### Material provided:
◇ ◇ ◇
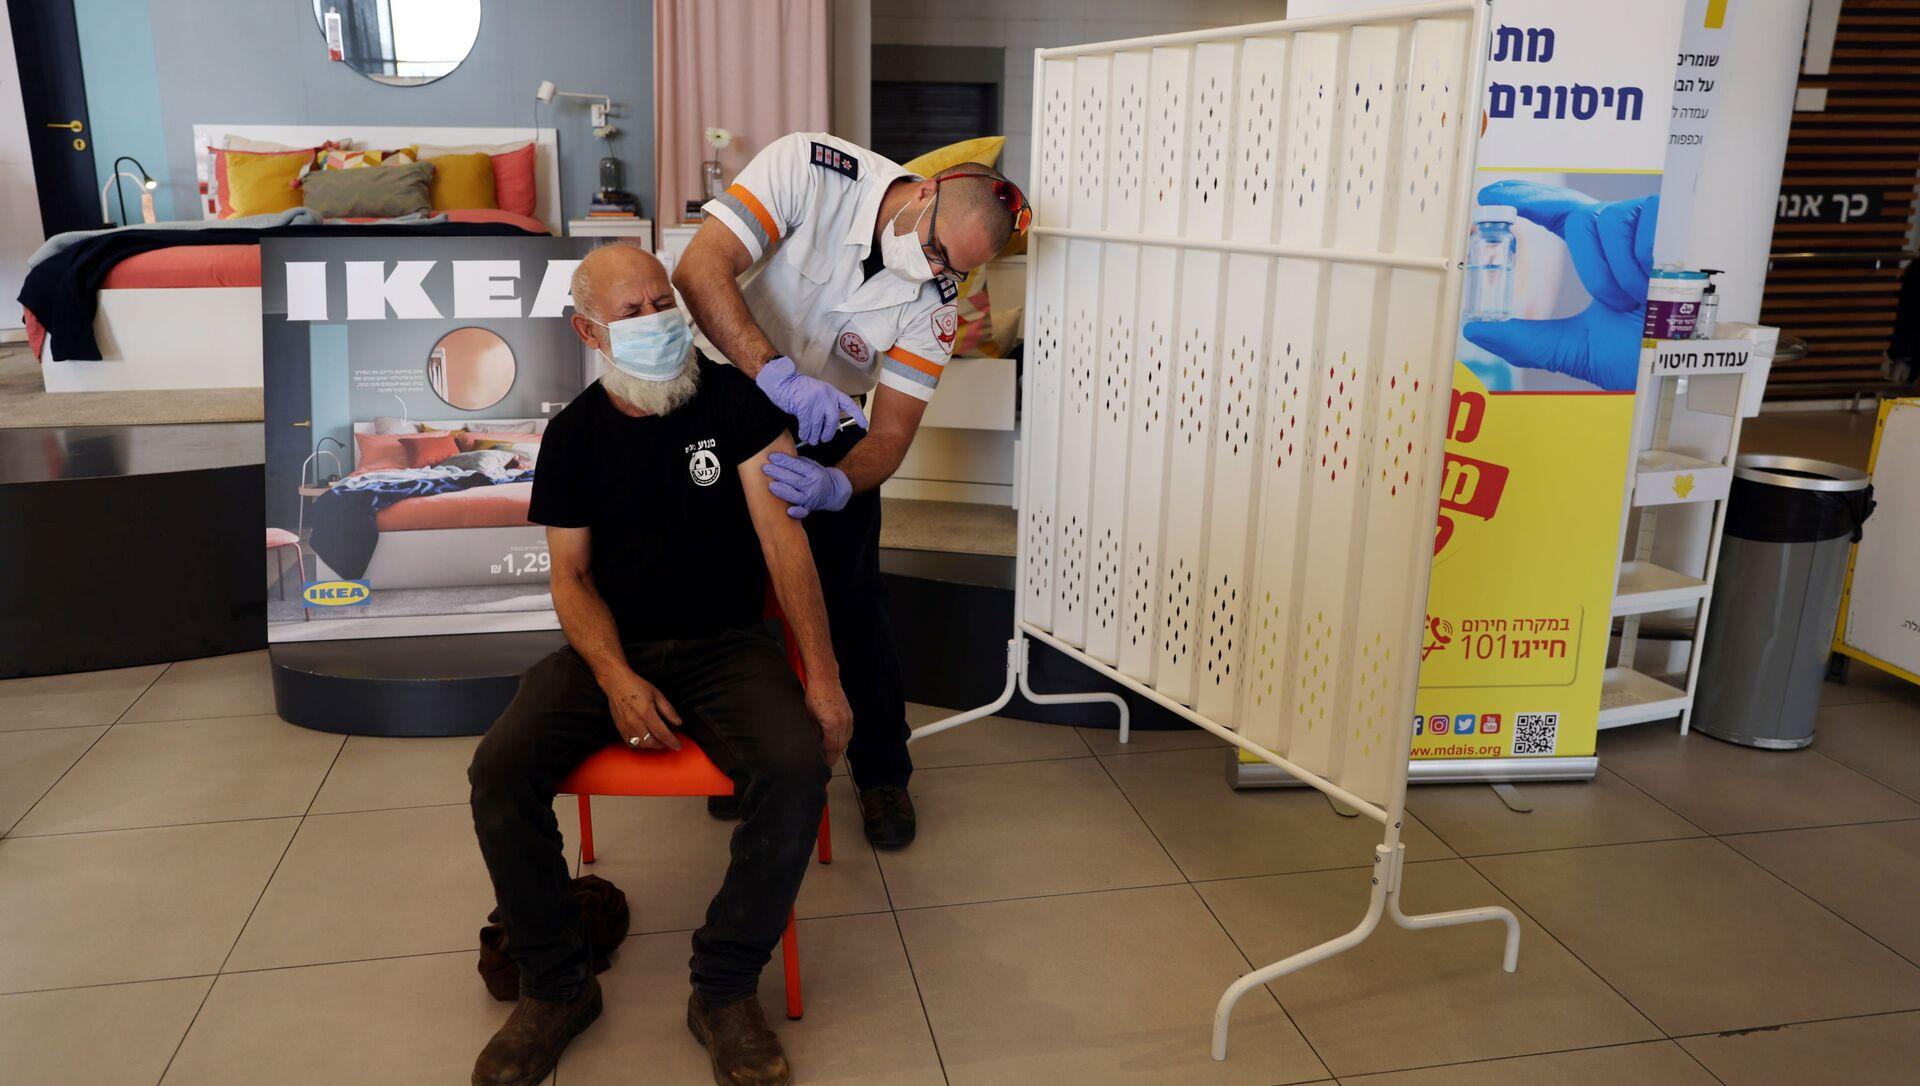 A man receives a vaccination against the coronavirus disease (COVID-19) in an IKEA store in Rishon Lezion, Israel February 22, 2021.  - Sputnik International, 1920, 26.08.2021
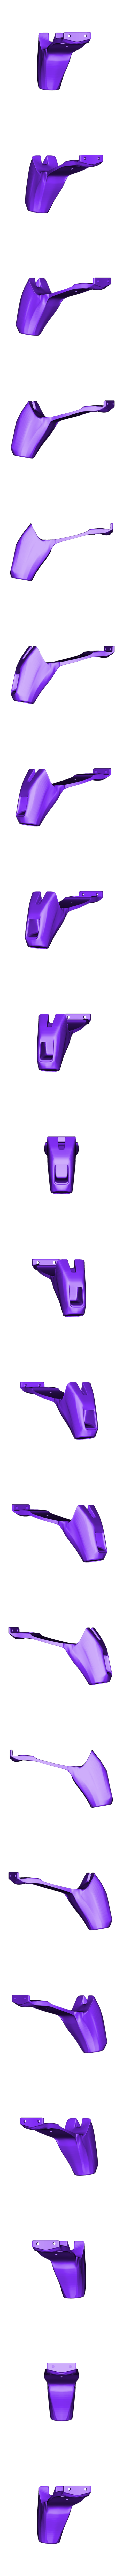 Lucio_inner.stl Download free STL file Overwatch Lucio Blaster • 3D printer object, Adafruit
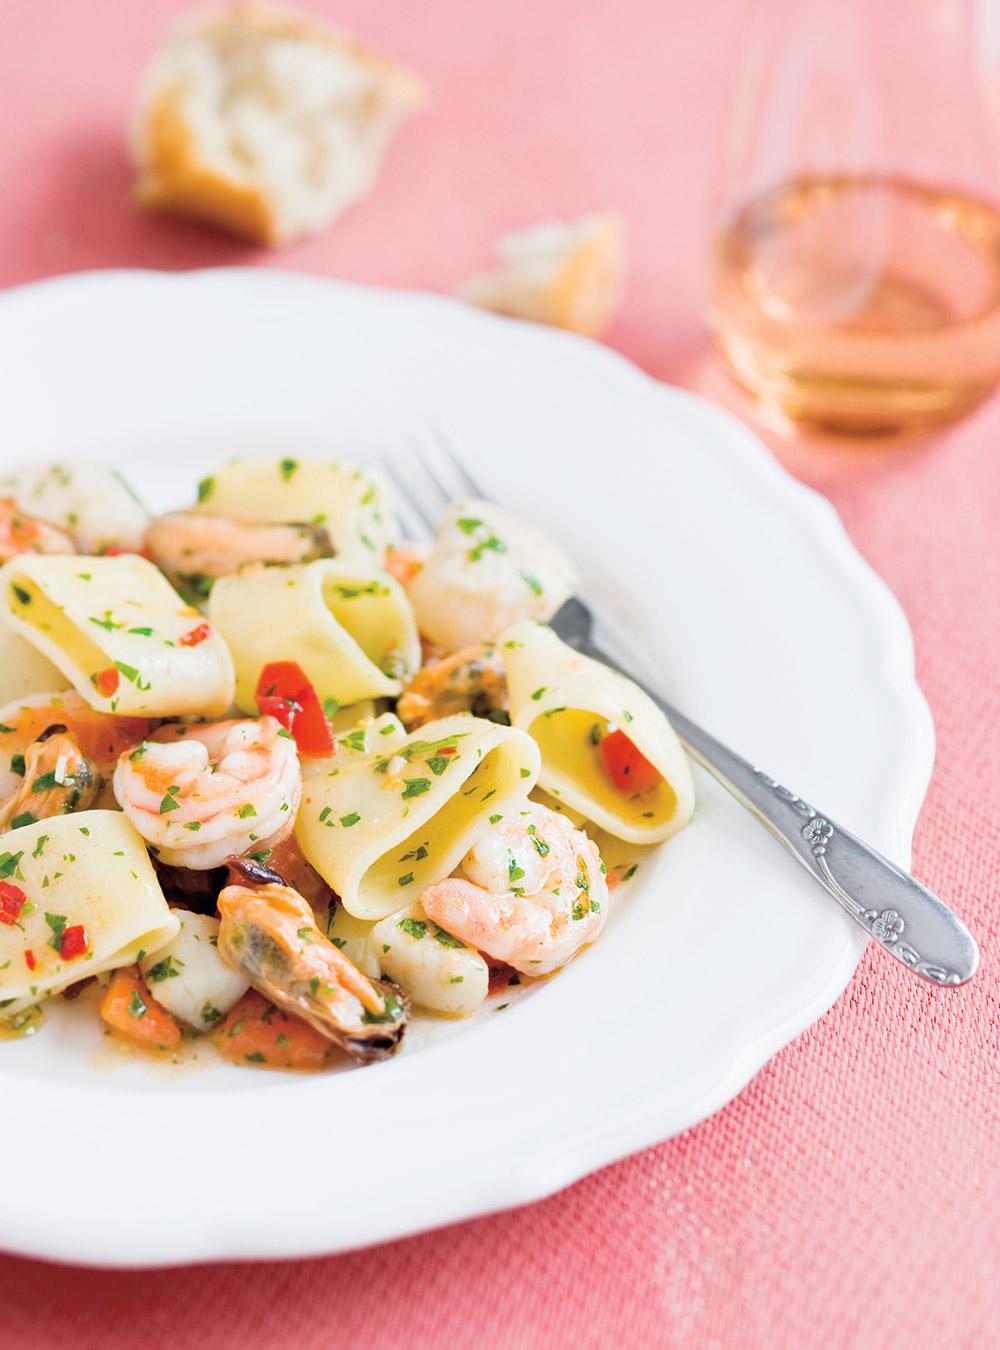 Cuisine italienne pates p tes au citron et pavot u2013 - Youtube cuisine italienne ...
◇ ◇ ◇
Produce an exact copy of the lines from the line containing "Lucio_inner.stl Download free" to the end of the material, both ends included, and omit every picture.

 Lucio_inner.stl Download free STL file Overwatch Lucio Blaster • 3D printer object, Adafruit
 Cuisine italienne pates p tes au citron et pavot u2013 - Youtube cuisine italienne ...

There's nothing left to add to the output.